Уроки закончились рано, к полудню, и Нина Ефимовна осталась одна со своими грустными мыслями. Обычно день у нее проходил на двух скоростях: с утра — в быстром темпе. Надо себя привести в порядок, завтрак немудреный сготовить, подготовиться к занятиям, а там и в школу. А во второй половине дня время текло, как замедленные кадры в кино. Заботы отступали, и казалось, что жизнь остановилась. Тогда Нина Ефимовна садилась к окну, придвигала к себе тетради, думала.

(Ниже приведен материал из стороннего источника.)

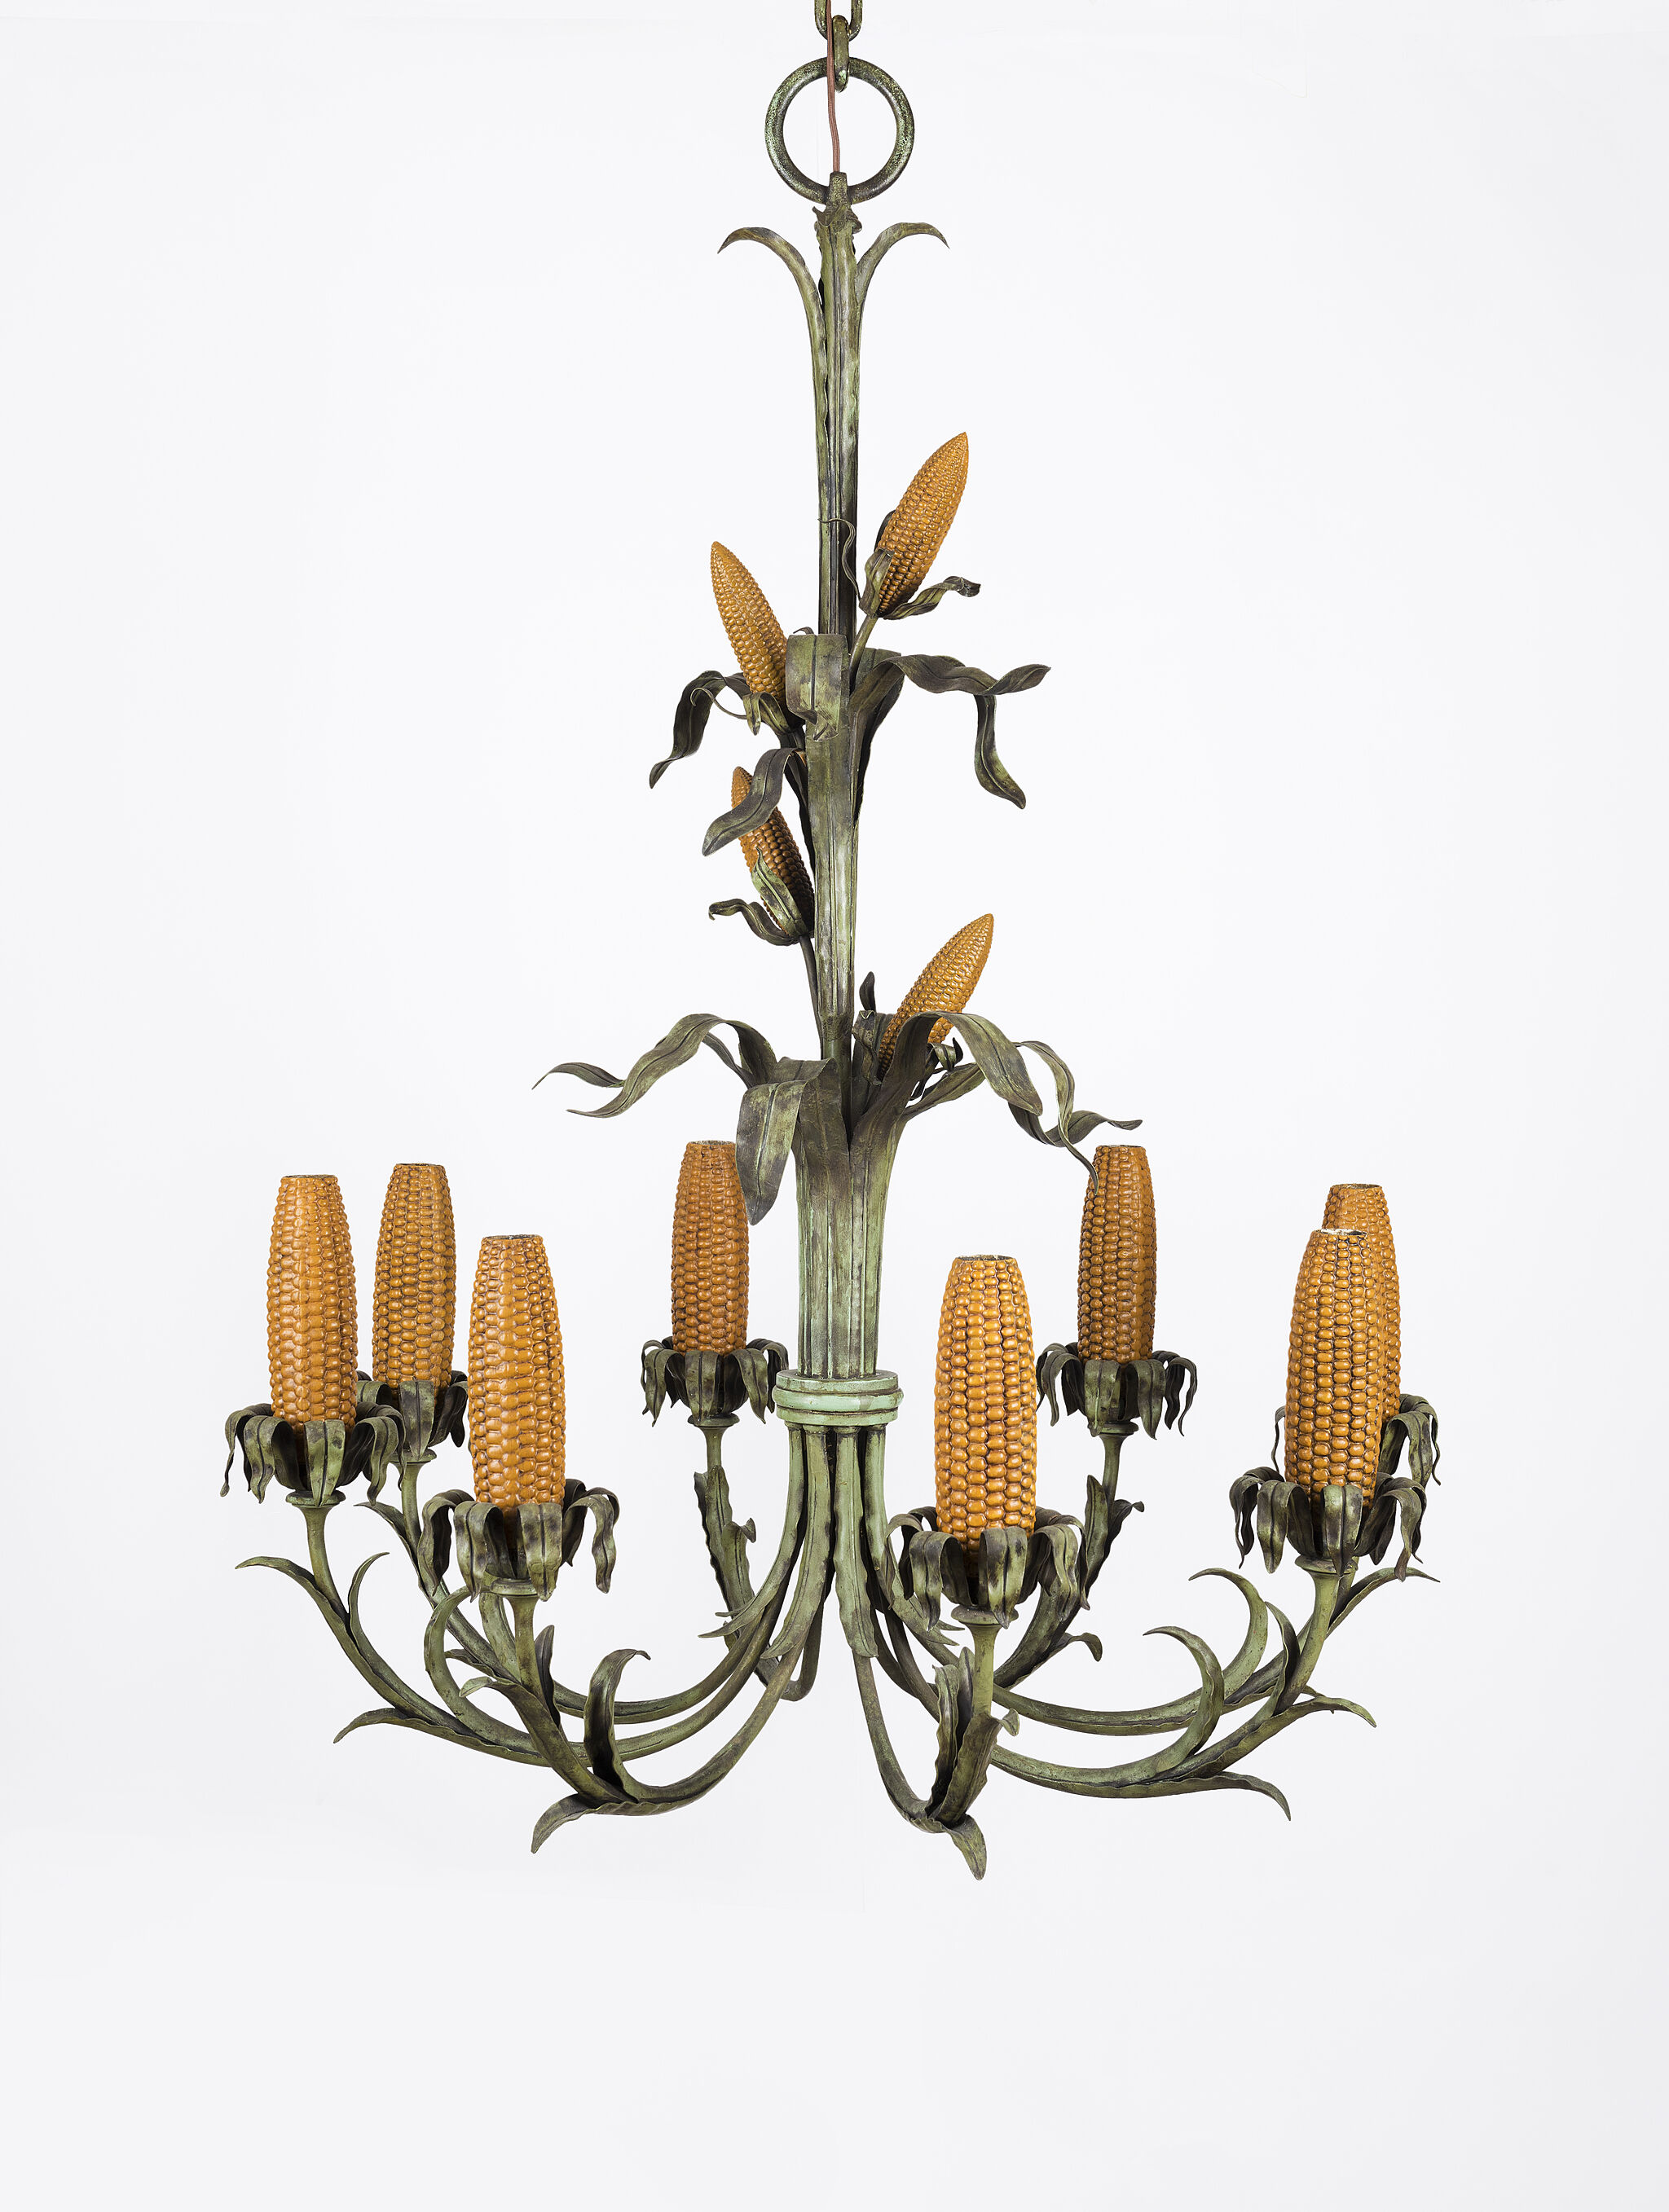 Chandelier Sculpture made from Corn Cobb

Улица деревни, на которой жила учительница, серпантином извивалась вдоль крутого оврага. Говорят, что когда-то текла здесь с водораздела мелкая, но бурная речушка Любашовка, но запали глубоко в землю родники, и только изломы берегов напоминали теперь о реке. Иногда Нине Ефимовне думалось, что вот так же и деревня Одноличка постепенно оскудевает — с каждым годом все меньше становится жителей в ней.

Аккуратные домишки, словно снегири зимой, сгрудились на одном косогоре. Только школа особняком стояла на другой, пологой, стороне оврага. Еще пять лет назад к ней, как ручейки весной, сбегались с холмов тропки, а теперь они зарастали муравой.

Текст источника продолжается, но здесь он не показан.